# Spark DataFrame 에서 복잡한 데이터 포맷 다루기 

참조
* [Working with Complex Data Formats with Structured Streaming in Apache Spark 2.1](https://databricks.com/blog/2017/02/23/working-complex-data-formats-structured-streaming-apache-spark-2-1.html)

In [1]:
import os
from pyspark.sql import SparkSession

# Python Version Mismatch Error 일 경우, os.environ 으로 직접 설정 후 실행
# Exception: Python in worker has different version 2.7 than that in driver 3.5, 
# PySpark cannot run with different minor versions.Please check environment variables 
# PYSPARK_PYTHON and PYSPARK_DRIVER_PYTHON are correctly set.

# os.environ["PYSPARK_PYTHON"] = "/usr/bin/python3"
# os.environ["PYSPARK_DRIVER_PYTHON"] = "/usr/bin/python3"

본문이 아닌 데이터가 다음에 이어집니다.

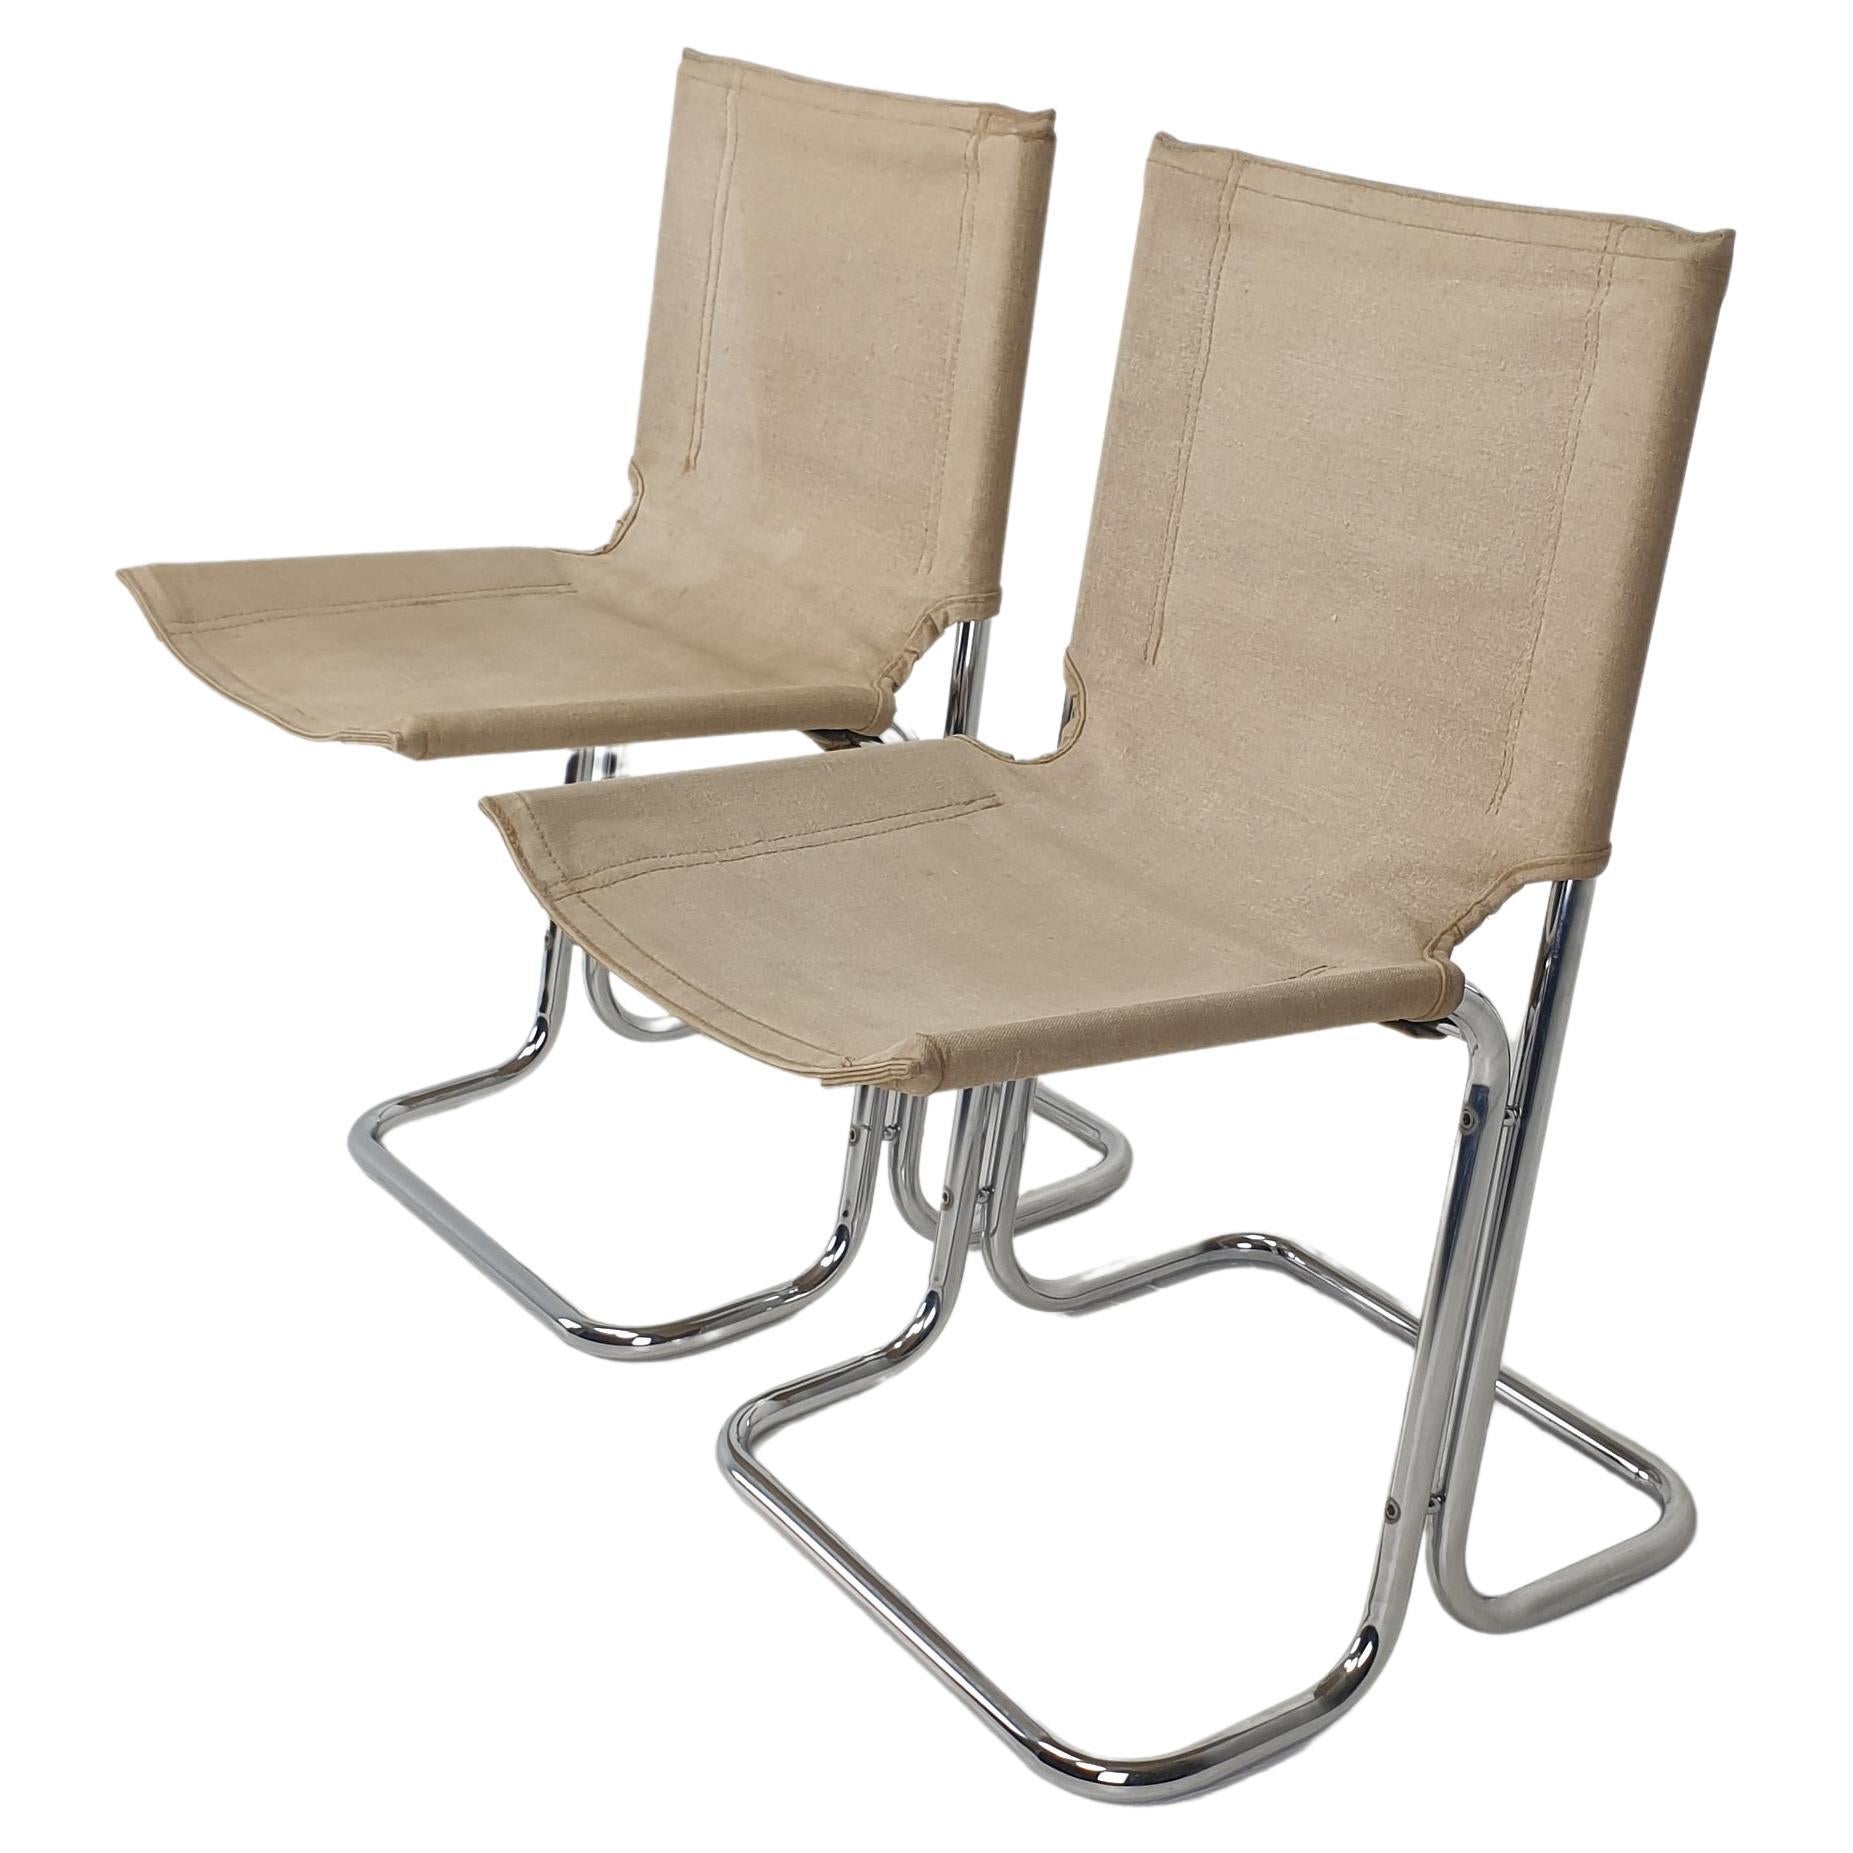 Set aus 2 italienischen Stühlen aus Segeltuch und verchromtem Metall, 1970er Jahre

spark_home = os.environ.get('SPARK_HOME', None)
print(spark_home)

spark = SparkSession.builder.master("local[*]").appName("spark")
spark = spark.config("spark.driver.memory", "4g")
spark = spark.config("spark.executor.memory", "4g")
spark = spark.config("spark.python.worker.memory", "4g")
spark = spark.getOrCreate()

sc = spark.sparkContext

/usr/local/spark-2.4.1


## DataFrame Complex Data Type

웹에서 시작된 JSON 포맷은 현재 인기있는 Raw Data Format 으로 자리잡았습니다. 따라서, Spark을 통해서 데이터 엔지니어링을 할때 많이 다루게 되는 포맷이 JSON 포맷입니다. 여기서는 JSON 에서 대표적으로 사용되는 Complex Data Format을 다루는 방법에 대해서 알아보겠습니다.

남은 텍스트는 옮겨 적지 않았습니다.